Buffy Sainte-Marie’s Indigenous Identity Questioned in New Report
A new Canadian Broadcast Corporation investigation has raised questions about the Indigenous identity of Buffy Sainte-Marie.
The singer-songwriter, considered to be the first Indigenous Oscar winner for co-writing the song “Up Where We Belong” from 1982’s “An Officer and a Gentleman,” has long claimed she was born on a Piapot Cree reservation in 1941 in the Canadian province of Saskatchewan. Sainte-Marie was then adopted by white parents as part of a Canadian government policy known as the Sixties Scoop.
The CBC countered these details in a report published Friday, along with an accompanying episode of the documentary series “The Fifth Estate.” In the report, several of Sainte-Marie’s family members “believe her story is an elaborate fabrication,” which is supported by documents obtained by the CBC. Among these documents is Sainte-Marie’s Stoneham, Mass., birth certificate saying she was born as Beverly Jean Santamaria to parents of European ancestry. The CBC had the document authenticated by Stoneham town clerk Maria Sagarino.
On Thursday, ahead of the report and documentary from the CBC, Sainte-Marie issued both a written and video statement on social media.
“I am proud of my Indigenous-American family, and the deep ties I have to Canada and my Piapot family,” Sainte-Marie wrote. As a young adult, Sainte-Marie was adopted by members of the Piapot First Nation in Saskatchewan, in accordance with Cree law and customs.
She added, “My Indigenous identity is rooted in a deep connection to a community which has had a profound role shaping my life and my work. For my entire life, I have championed Indigenous, and Native American causes when nobody else would, or had the platform to do so. I am proud to have been able to speak up for Indigenous issues.”

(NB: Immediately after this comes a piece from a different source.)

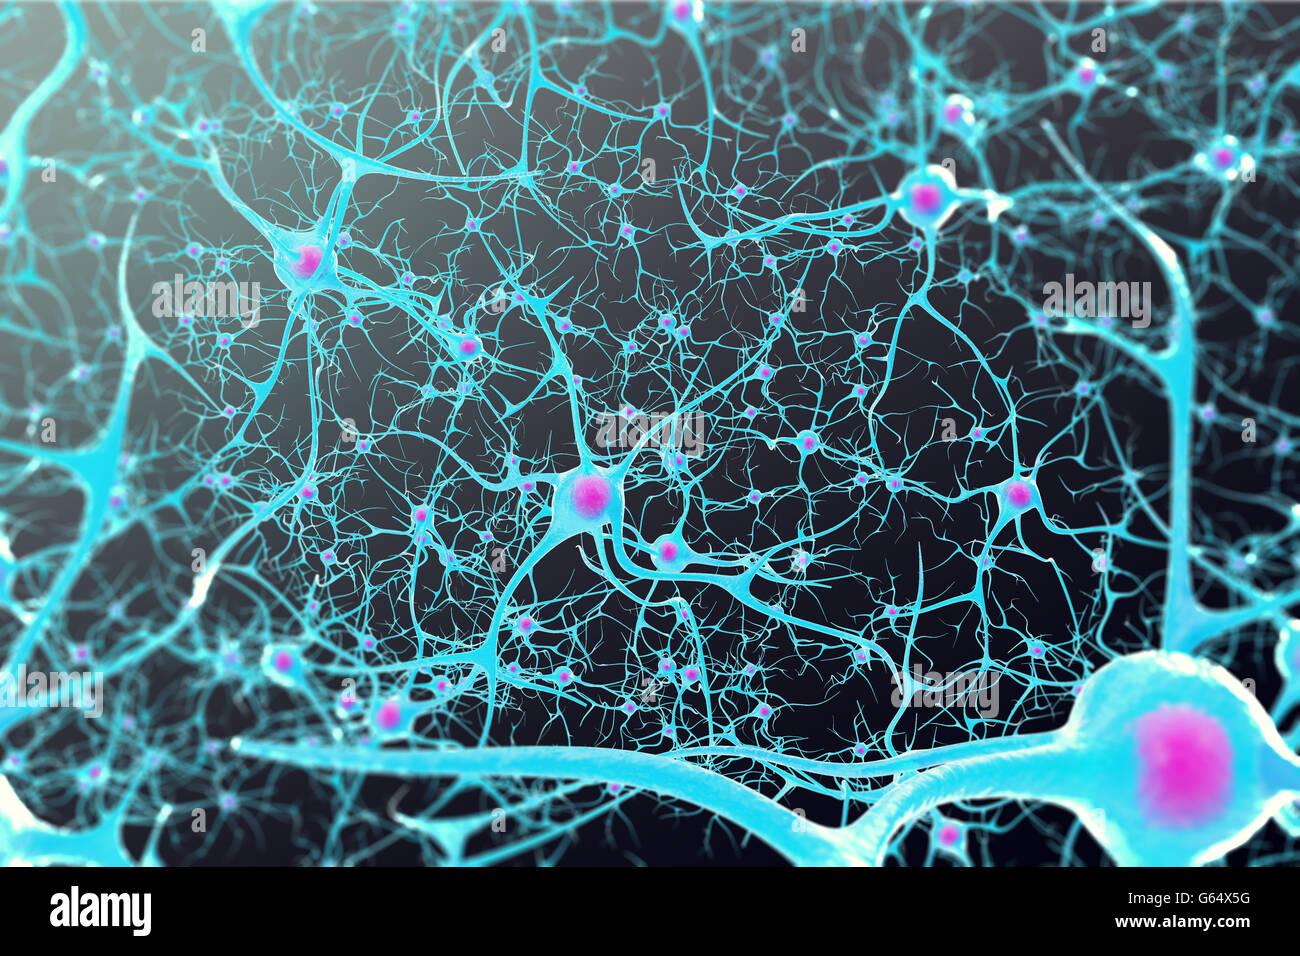 Las neuronas en el cerebro con un núcleo interior sobre fondo negro. Ilustración 3d Imagen De Stock
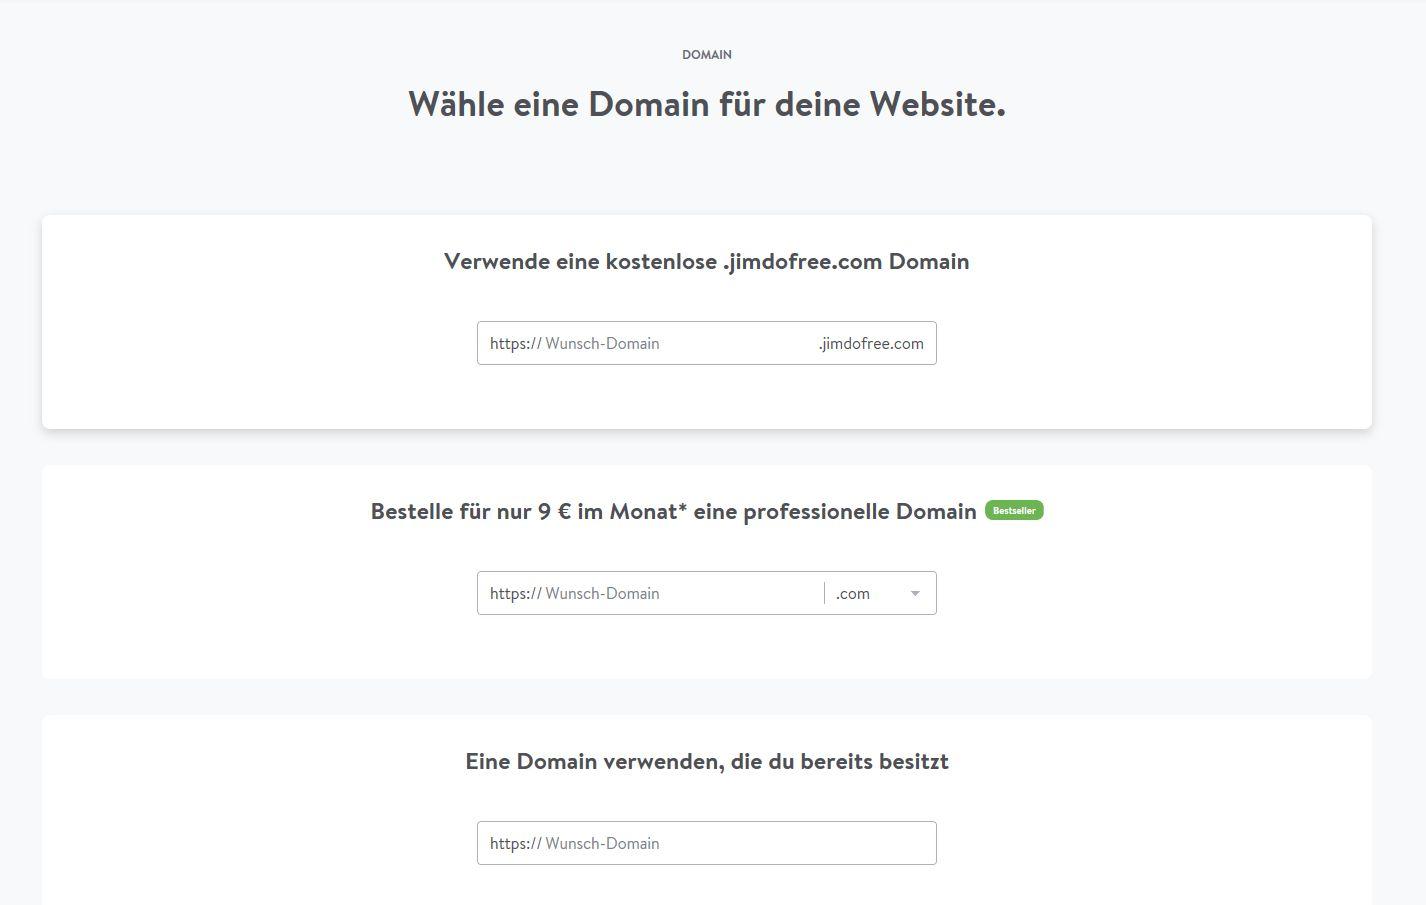 Kostenlose Website erstellen mit Jimdo - Schritt 6: Domain wählen

After researching newspaper reports from the beginning of Sainte-Marie’s career in 1963, the CBC learned that “in the space of those 10 months, she was referred to as Algonquin, full-blooded Algonquin, Mi’kmaq, half-Mi’kmaq and Cree.”
Lawyer and “Indigenous identity fraud” expert Jean Teillet said a particular warning sign of those not telling the truth about their ancestry is “shifting Indigenous identities.” According to Teillet, Mi’kmaq live on the East Coast, Algonquin people are from Ontario and northern Quebec and Cree people are primarily from the Prairies, so it’s unlikely to mistake one for the other since they hail from different regions of Canada.